Key Insights
Hyperliquid HYPE rebounded from the $20 support zone and now trades near $37 as improving market activity strengthens the developing recovery trend.
Technical structure shows higher lows since January while resistance near $38 and $40 now determines whether bullish momentum can extend further.
Rising open interest near $1.47 billion and renewed exchange inflows indicate growing participation as traders return during the current recovery phase.
Hyperliquid’s native token HYPE has moved into a recovery phase after several months of downward pressure. The HYPE/USDT pair recently climbed toward the $37 to $38 resistance range following a steady rebound from the $20 to $21 support base.
Market activity has increased alongside the price recovery. Moreover, derivatives data and spot market flows show growing participation as traders reenter the market.
The token now trades near $36 to $37 after weeks of gradual gains. Consequently, analysts monitor whether the market can maintain this structure while approaching a key resistance band that previously limited upward momentum.
Price action earlier in the year suggested that HYPE may have completed a base formation near the $20 region. Between September and December the asset remained under consistent selling pressure, which pushed prices steadily lower.
However, the structure began to change in January as buyers returned near the bottom range. Since then the market has produced higher lows while gradually attempting higher highs.
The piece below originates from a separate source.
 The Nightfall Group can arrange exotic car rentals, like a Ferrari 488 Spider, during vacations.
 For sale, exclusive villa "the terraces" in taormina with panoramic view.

Besides the structural shift, the current rally signals that early recovery momentum may be developing across the broader trend.
Technical analysis shows that the $37.5 to $38 range now acts as the immediate resistance area. This level recently rejected price advances, which makes the current test particularly important for the short term direction.
Moreover, the $40 to $41 region represents the next major barrier because it aligns with the 0.5 Fibonacci retracement level. A sustained move above that level could reinforce bullish momentum across the chart.
Additionally, the next resistance sits near $44.5 where the 0.618 Fibonacci retracement converges with previous price activity.
Several technical indicators confirm that buying pressure has strengthened in recent sessions. The Donchian Channel currently shows price pushing along its upper boundary, which typically reflects strong upward momentum.
Source: TradingView
However, the Stochastic RSI indicator has climbed near the 96 level. Hence the reading suggests the market may experience a short consolidation or mild pullback before continuing higher.
Market participation has improved across both derivatives and spot trading activity. Open interest previously surged above $2.5 billion during an earlier rally before falling sharply in October as leveraged positions closed.
Since then open interest has stabilized between $1.2 billion and $1.6 billion. Recently it climbed again toward $1.47 billion, which indicates renewed trading interest.
Additionally, exchange flow data shows rising inflows alongside the price recovery. This shift suggests that traders have resumed accumulation during the latest market rebound.